Institute of Biology, Mongolian Academy of Sciences, Ulaanbaatar-51, Mongolia.
Int J Food Microbiol. 2011 Jan 5;144(3):480-6. doi: 10.1016/j.ijfoodmicro.2010.11.004. Epub 2010 Nov 13.
The anti-yeast activities of four essential oils (EOs) from clary sage, juniper, lemon and marjoram against wild-type isolates of the food-related yeasts Geotrichum candidum, Pichia anomala, Saccharomyces cerevisiae and Schizosaccharomyces pombe in malt extract (ME) medium, apple juice and milk were investigated. Minimal inhibitory concentrations (MICs) for the EOs and their main components were determined and the checkerboard method was used to calculate fractional inhibitory concentration (FIC) indices for the combinations of EOs or components. The most sensitive yeast was S. pombe (MICs of 0.0625-0.125 μl/ml) while G. candidum proved to be the most insensitive (MICs of 0.5-2 μl/ml). In general, the lag phases were lengthened by increasing EO concentrations, while significant reduction of growth rates was obtained only at the highest EO concentrations. The anti-yeast effects of the EOs were good in the acidic pH range optimal for yeasts growth. Combinations of juniper and clary sage EOs resulted in additive effects in the case of S. cerevisiae and G. candidum, but all other combinations showed no interaction. The combination of α-pinene and limonene led to synergism, while the combination of α-pinene with linalool resulted in an additive effect. Cloudy apple juice protected the yeasts against the effect of lemon EO: the lag phases were shorter and the growth rates higher than in clear apple juice. Lemon EO decreased the growth rate of G. candidum in skimmed milk in a dose-independent manner. Our results show that by adding lemon EO to clear apple juice a new, harmonic taste can be achieved and open storage time could be prolonged.

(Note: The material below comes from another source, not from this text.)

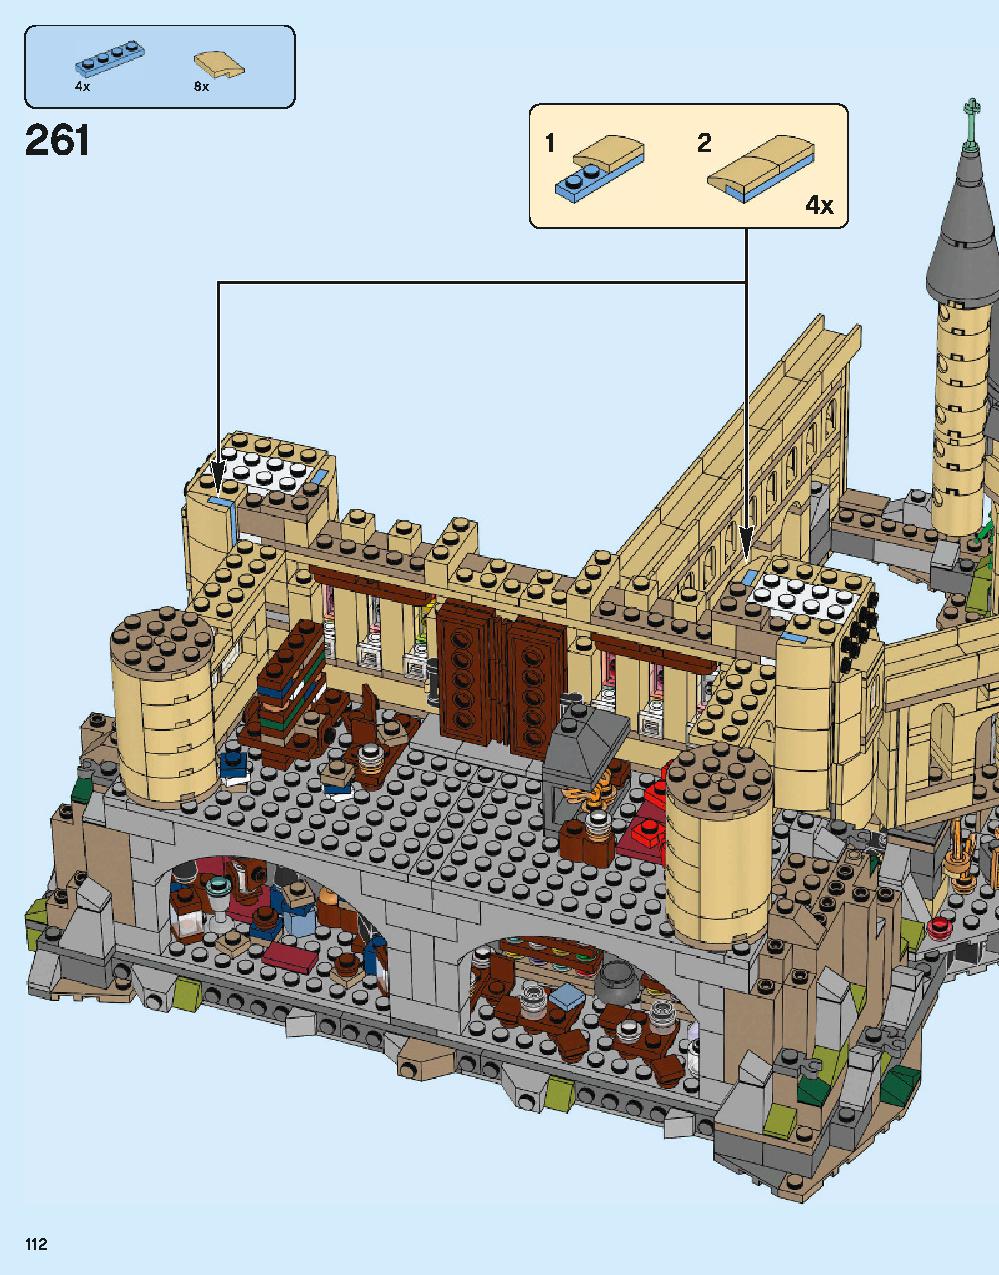 ホグワーツ城 71043 レゴの商品情報 レゴの説明書・組立方法 112 page

四种精油(来自快乐鼠尾草、杜松、柠檬和马郁兰)对麦芽提取物(ME)培养基、苹果汁和牛奶中与食物相关的野生酵母近平滑念珠菌、异常汉逊酵母、酿酒酵母和裂殖酵母的抗酵母活性进行了研究。测定了精油及其主要成分的最小抑菌浓度(MIC),并使用棋盘法计算了精油或成分组合的部分抑菌浓度(FIC)指数。最敏感的酵母是 S. pombe(MIC 为 0.0625-0.125 μl/ml),而 G. candidum 则最不敏感(MIC 为 0.5-2 μl/ml)。一般来说,随着精油浓度的增加,滞后期延长,而只有在最高的精油浓度下才会显著降低生长速度。精油对酵母生长的最佳酸性 pH 范围内具有良好的抗酵母作用。在 S. cerevisiae 和 G. candidum 中,杜松和快乐鼠尾草精油的组合产生相加作用,但其他组合没有相互作用。α-蒎烯和柠檬烯的组合产生协同作用,而α-蒎烯与芳樟醇的组合则产生相加作用。混浊的苹果汁保护酵母免受柠檬精油的影响:与澄清的苹果汁相比,滞后期更短,生长速度更高。柠檬精油以剂量非依赖性的方式降低脱脂牛奶中 G. candidum 的生长速度。我们的研究结果表明,通过在澄清的苹果汁中添加柠檬精油,可以获得新的和谐口感,并延长开放储存时间。